DIRECTIONS
The listing that follows must be retyped exactly, without its pictures.

DATA BLOCK

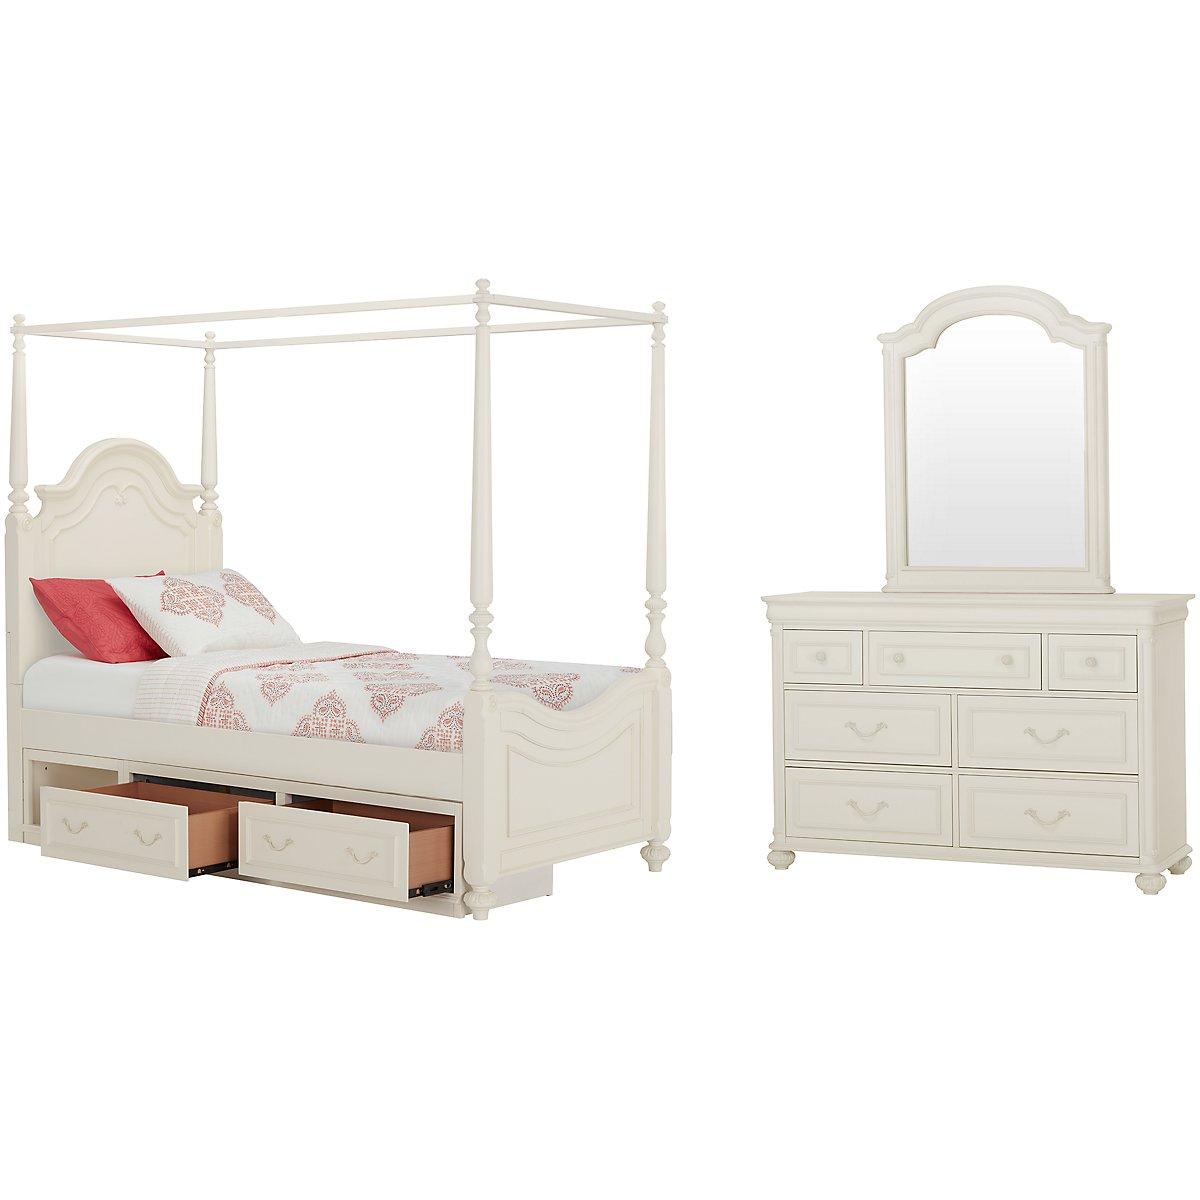 Charlotte Ivory Canopy Storage Bedroom
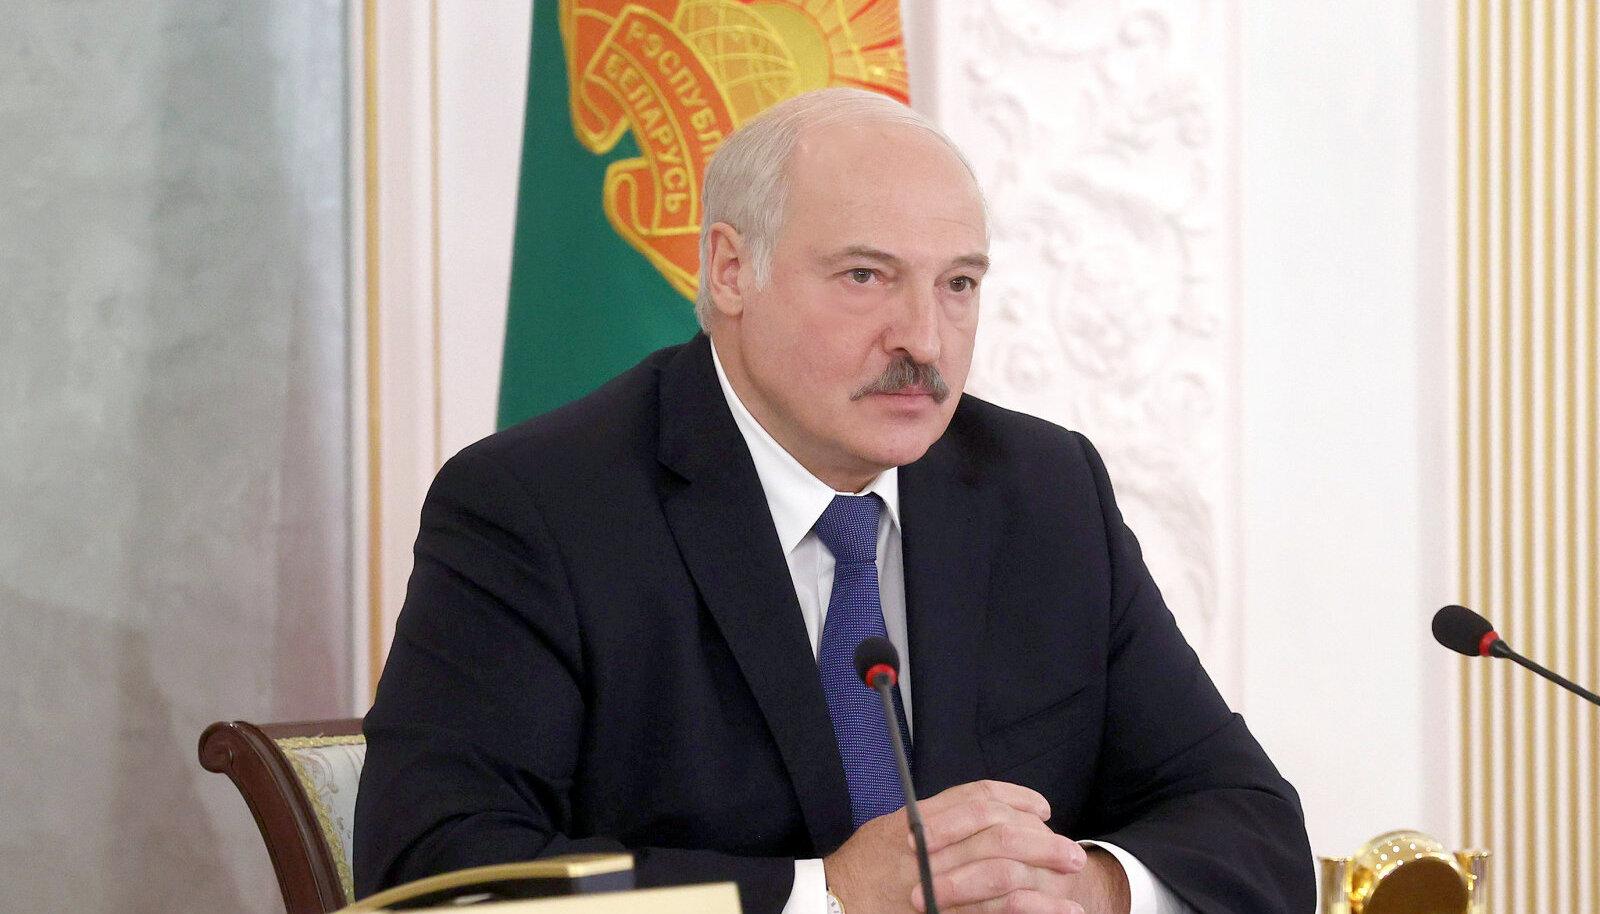 Valgevene riigipea Aleksandr Łukašenka.
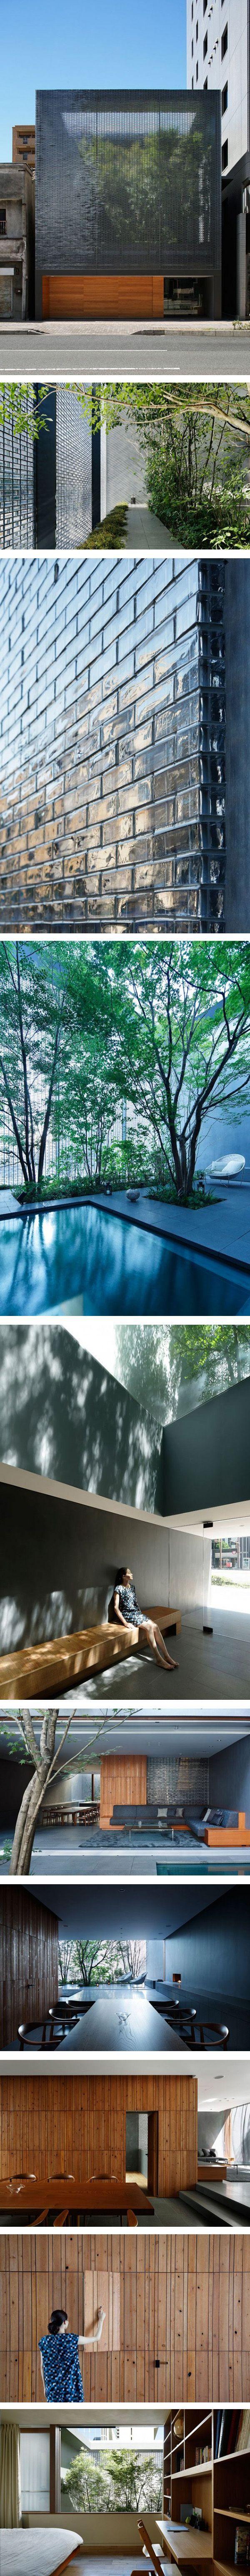 Glasshouse in Hiroshima, Japan. By Hiroshi Nakamura & NAP architects. Fotos by Nacasa & Partners #Architectural Solar

TASK RESPONSE
 Charlotte Ivory Canopy Storage Bedroom
 Valgevene riigipea Aleksandr Łukašenka.
 Glasshouse in Hiroshima, Japan. By Hiroshi Nakamura & NAP architects. Fotos by Nacasa & Partners #Architectural Solar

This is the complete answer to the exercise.